Después de eso: cambio radical de vida. De vivir en un barrio agradable y seguro, pasamos a un barrio bravo. De tener el refugio de mi abuela, a ya no tenerlo. La infancia había terminado. Yo sólo me evadía de todos y de todo escapándome en mi bicicleta.

La primera juventud (20-30 años). La bici de carreras roja
Ya instalados en el barrio y con la certeza de que la vida me había cambiado radicalmente, me aventuré a explorar escenarios desconocidos. Salir en bici era una forma de escapar, de decidir, algo así como ver la nueva película a mi ritmo y en su relato constatar las muchas igualdades y pocas diferencias que nos separan tanto.

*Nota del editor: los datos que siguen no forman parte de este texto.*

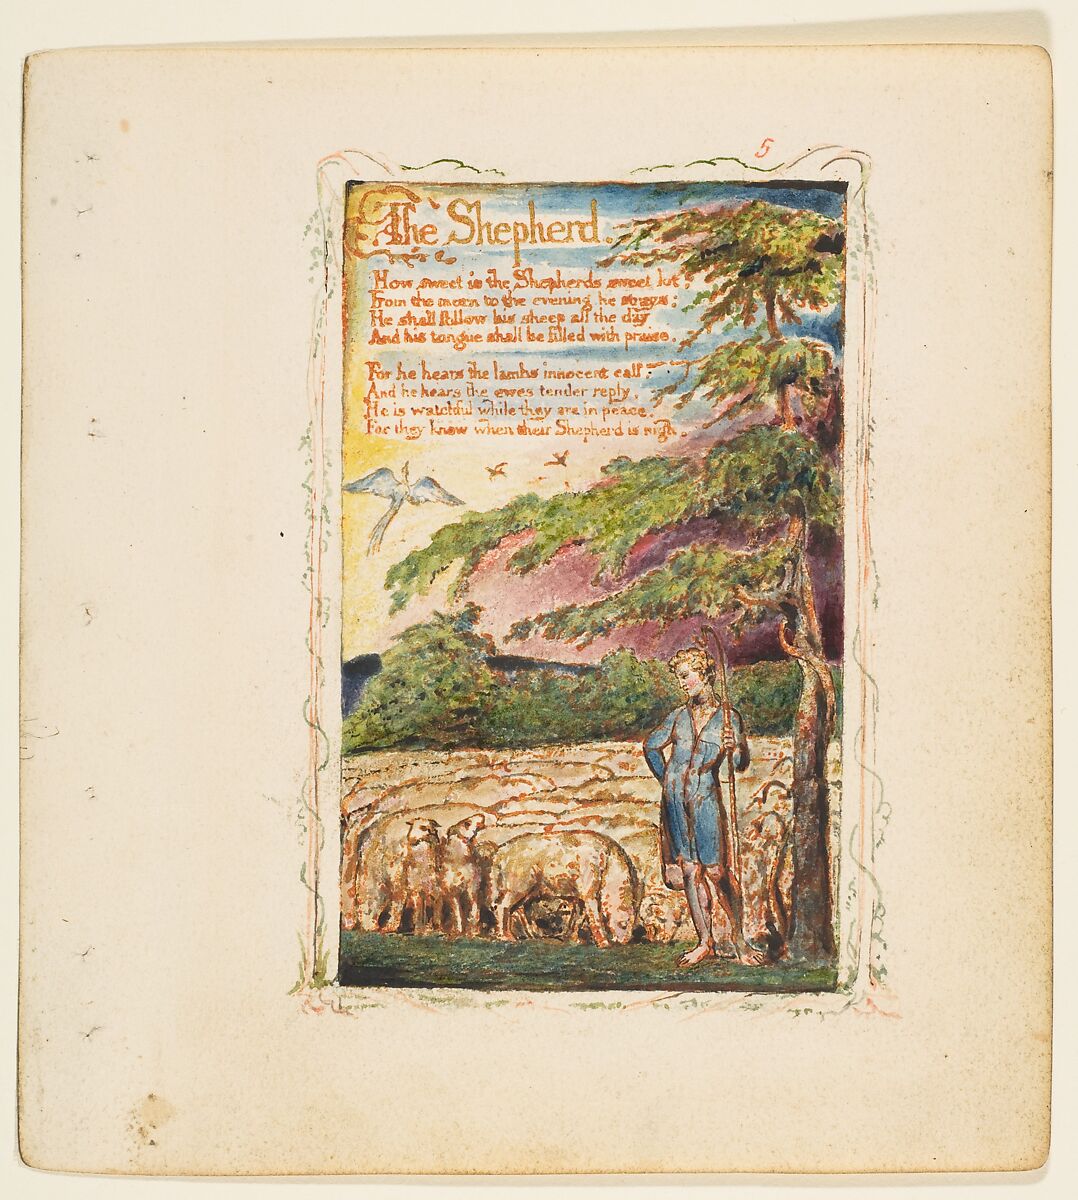 Songs of Innocence: The Shepherd, William Blake  British, Relief etching printed in orange-brown ink and hand-colored with watercolor and shell gold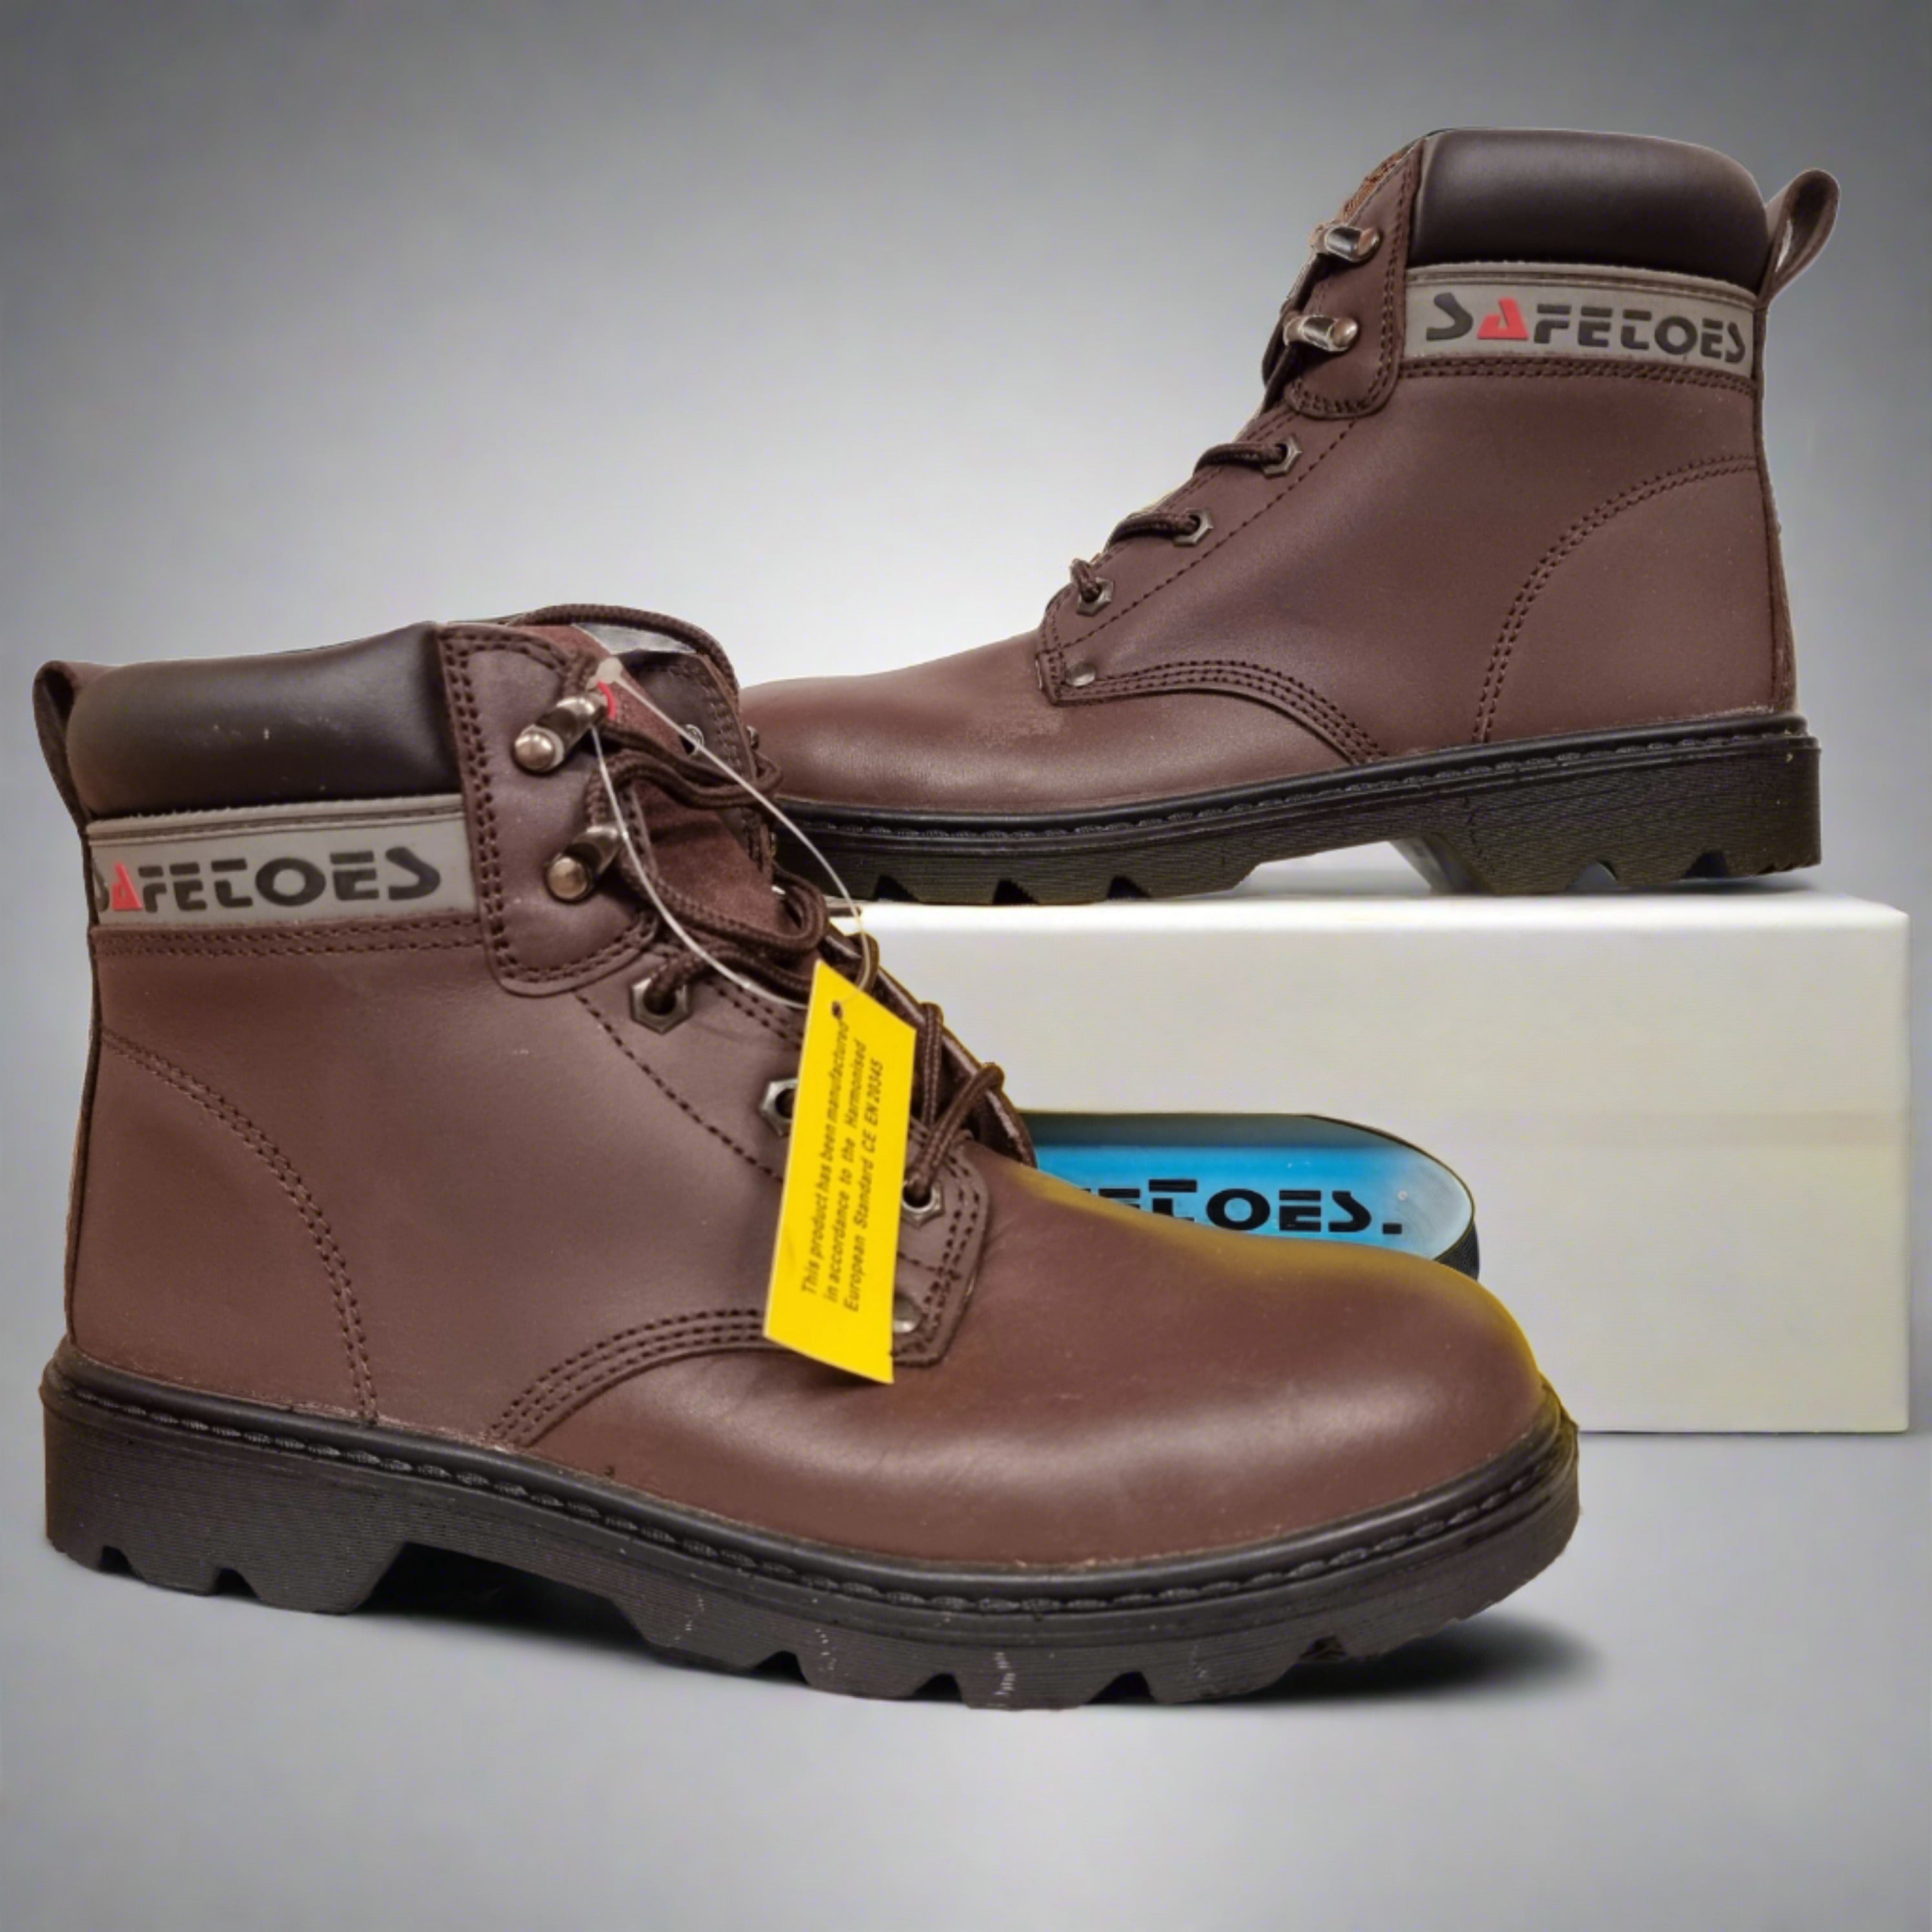 Safetoes S3002 Brown Leather Derby Safety Steel Toe Boots - UK Size 5

Observando y viviendo los contrastes, quizá nació mi gusto por la arquitectura y la visión sobre el derecho a la vivienda digna para todos.

En esos rodares conocí a mis primeros amigos: un grupo de jóvenes que tenían mi edad y buenas historias que compartir. Nos vimos casi a diario durante muchos años: sólo para platicar y aplanar la banqueta al atardecer. Después de hacer mi tarea llegaba con los amigos en mi bici de carreras roja. En esos tiempos me desplazaba de acá para allá con la categoría de joven independiente, y rodando esa bicicleta tuve a mi primer novio.

La segunda juventud (30-40 años). El matrimonio y la maternidad
A finales de mis veintes me casé con el que fuera mi mejor amigo de la universidad: un joven que en ese entonces comulgaba con la izquierda, con quien compartía ideas, lecturas y una visión del mundo no tradicional. La bicicleta roja de carreras se perdió en el tiempo. Yo anhelaba una bicicleta nueva, tal era mi deseo que en esa década me compré las dos que ahora tengo pero que casi no usé. Para mí era necesario vivir esa experiencia con el compa, pero como él no estaba interesado terminé por dejarlo de lado. Ahora puedo ver que no realicé algunas cosas muy personales por hacer otras con la tribu. ¿Me arrepiento? Diría que no, así son los caminos. Además, vino la maternidad, que me hizo muy feliz, sólo que con ella también llegaron los miedos, la necesidad de ser más responsable, de proveer de seguridad a mi hija, de ocupar mi tiempo en cosas “útiles”. La contemplación hedonista, es decir, andar en bicicleta, no me correspondía en ese entonces. No sé de dónde surgió esa necesidad forzada de autorrestricción y prevención. Quizá quería construir algo diferente a lo que viví en la infancia. En esta etapa descubrí el barro. Me desahogué haciendo escultura en cerámica de alta temperatura. Y mi tema recurrente: la dualidad.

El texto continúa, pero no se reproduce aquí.